(Saved entries)
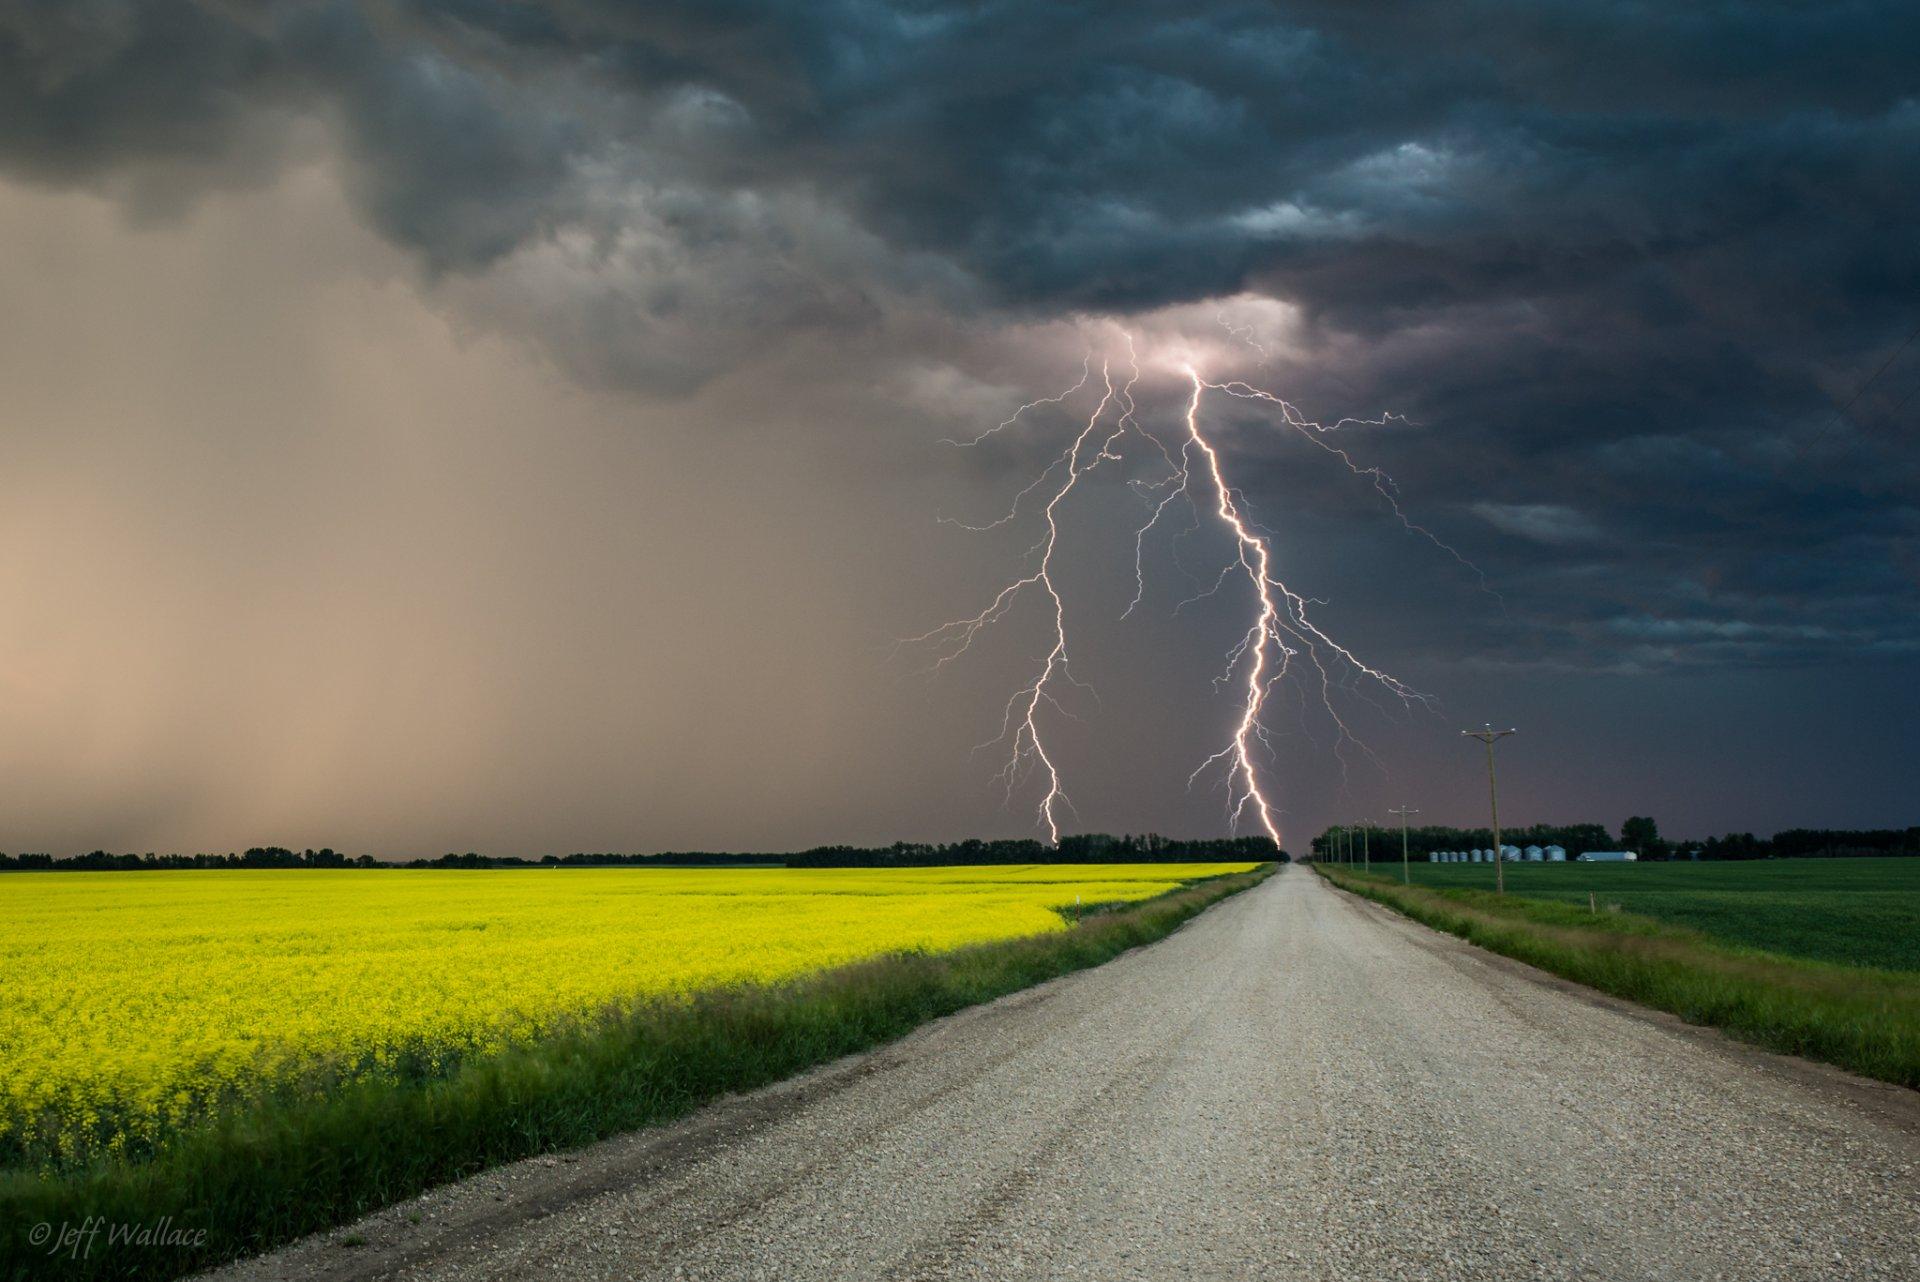 картинки гроза и молния дождь шьямалана, что одной
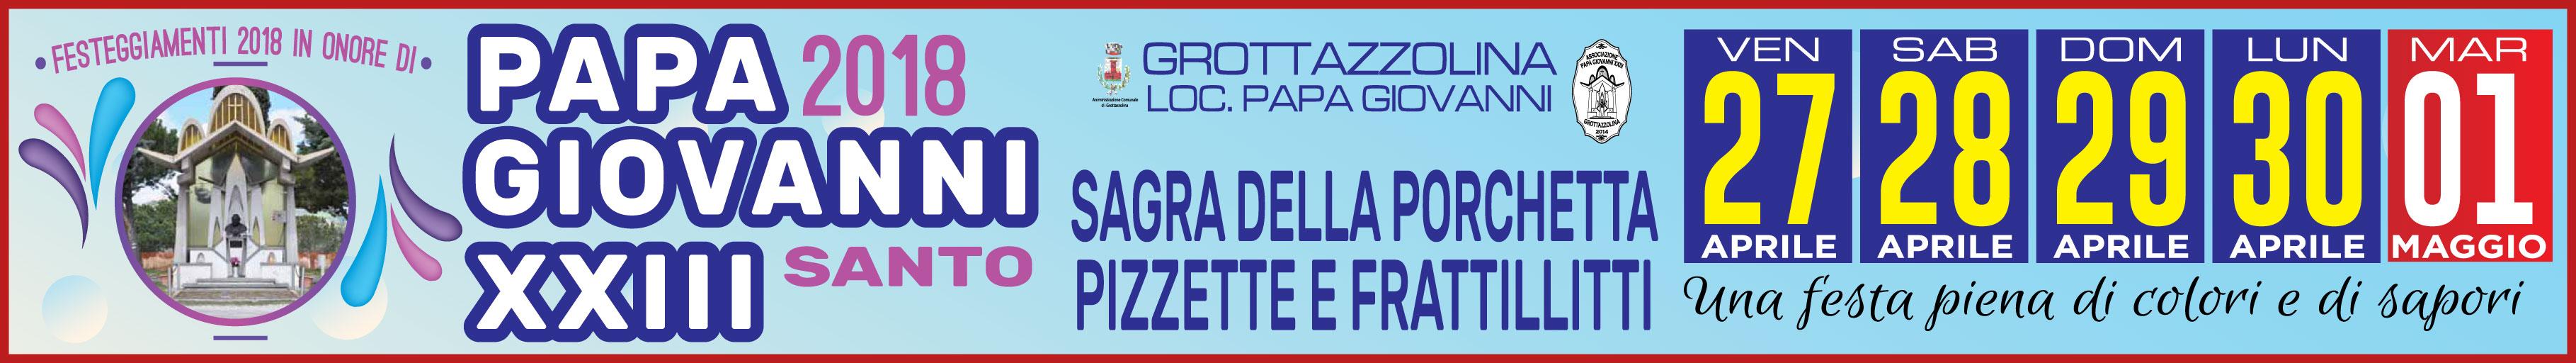 Grottazzolina - Papa Giovanni XXIII 2018
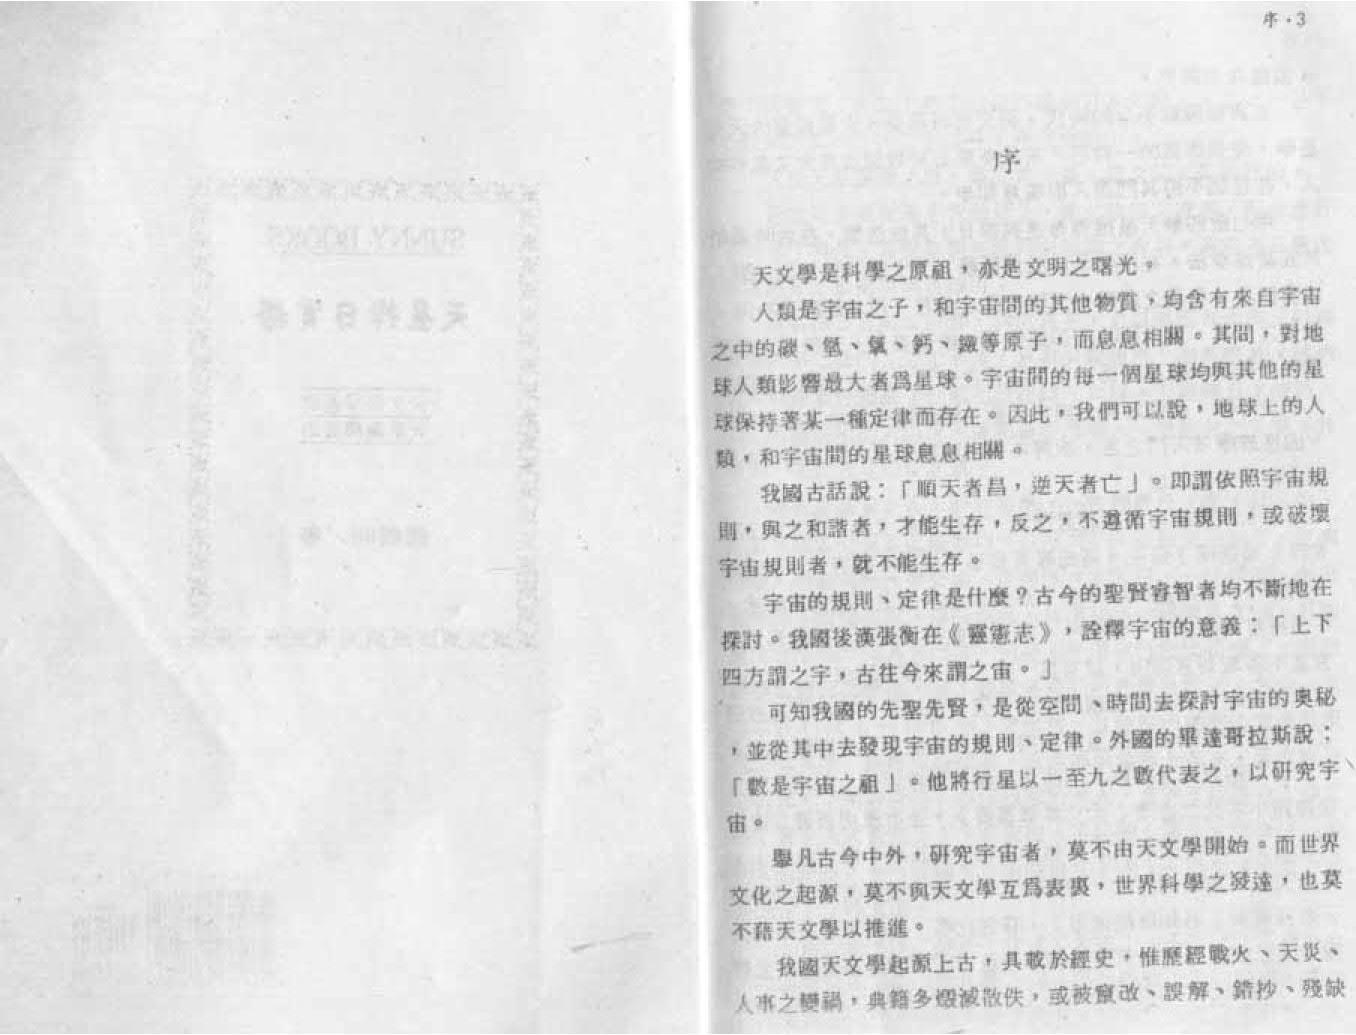 钟义明-天星择日实务_2
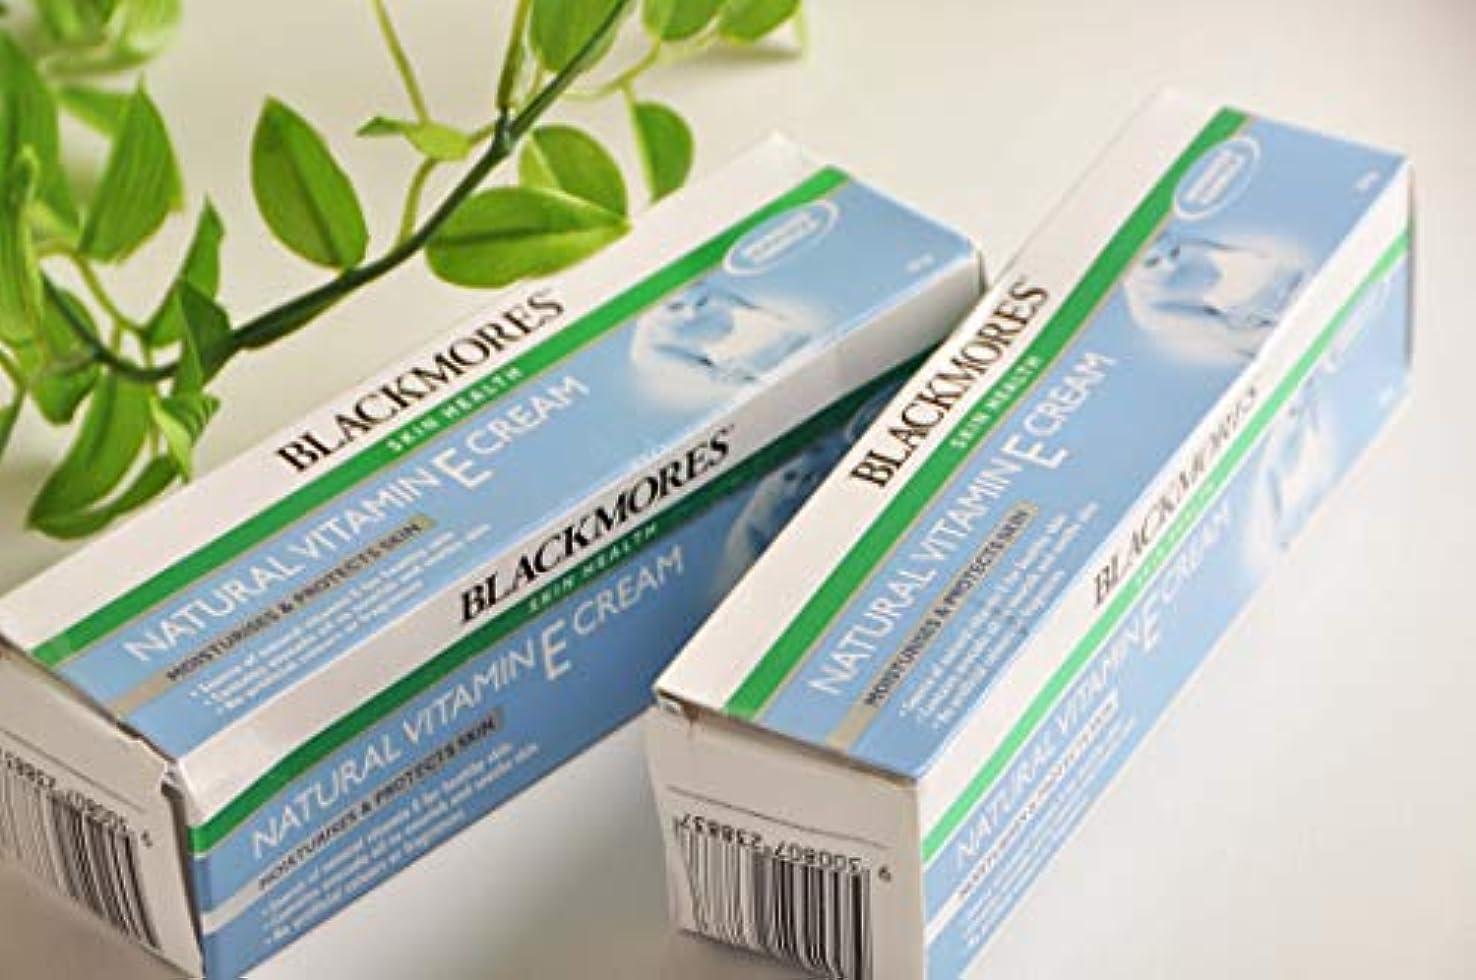 学部連続した毒液BLACKMORES(ブラックモアズ) ナチュラル ビタミンE クリーム 【海外直送品】 [並行輸入品]
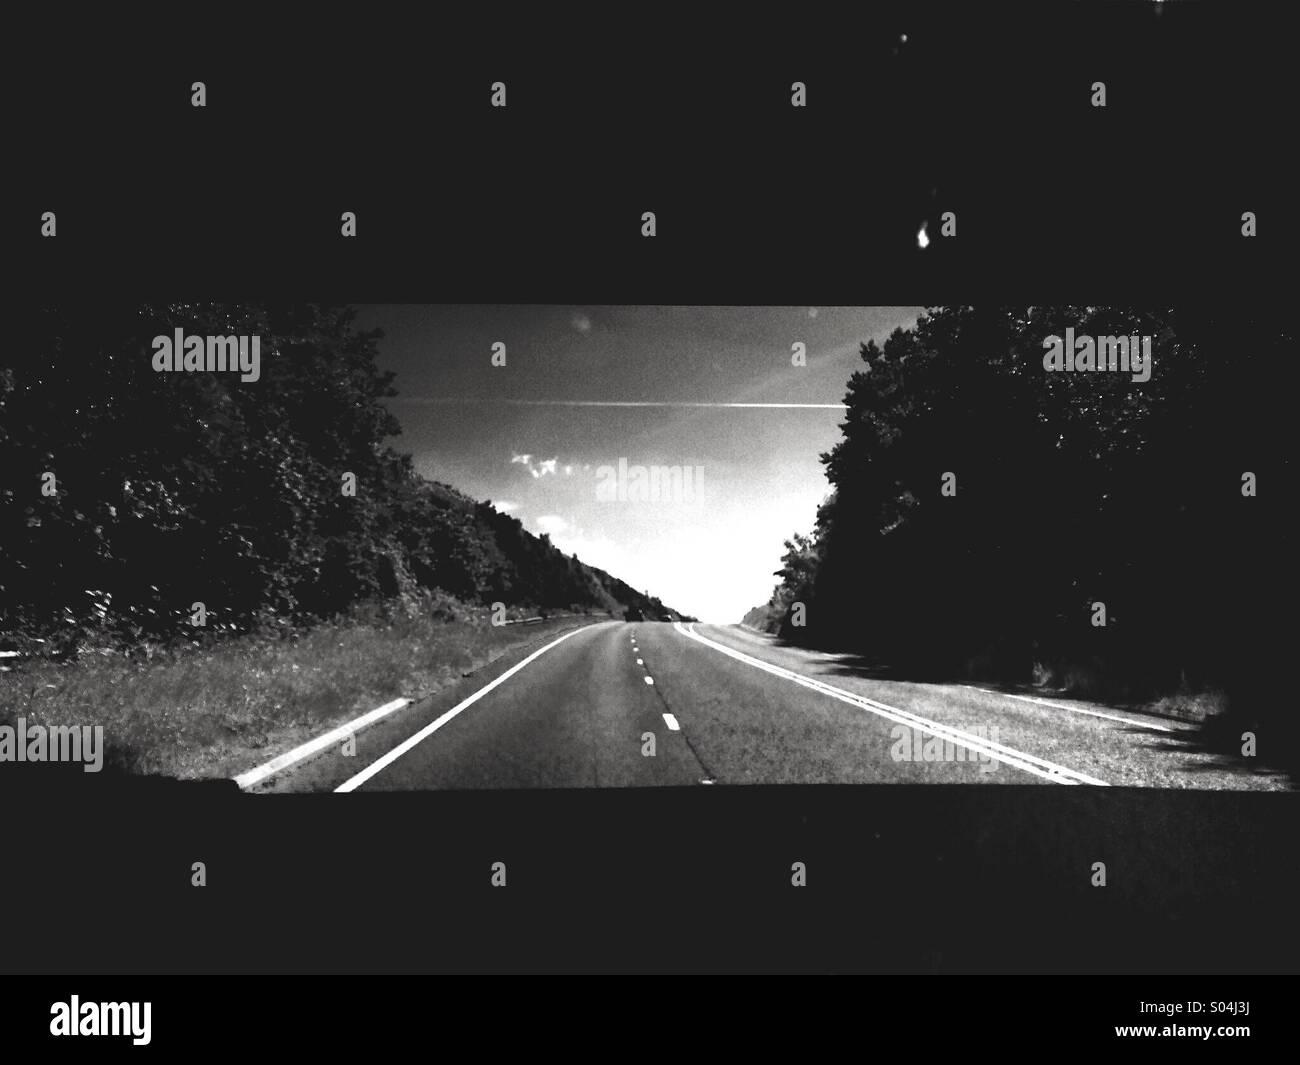 Ver a través del parabrisas de un vehículo en movimiento con un camino abierto en la distancia Foto de stock

[How to complete this task]: Could you set down, exactly as written, every line from the one with "Grottazzolina - Papa Giovanni XXIII 2018" to the end of the data, both ends included? Leave out the pictures.

[Answer space]:
 Grottazzolina - Papa Giovanni XXIII 2018
 钟义明-天星择日实务_2
 学部連続した毒液BLACKMORES(ブラックモアズ) ナチュラル ビタミンE クリーム 【海外直送品】 [並行輸入品]
 Ver a través del parabrisas de un vehículo en movimiento con un camino abierto en la distancia Foto de stock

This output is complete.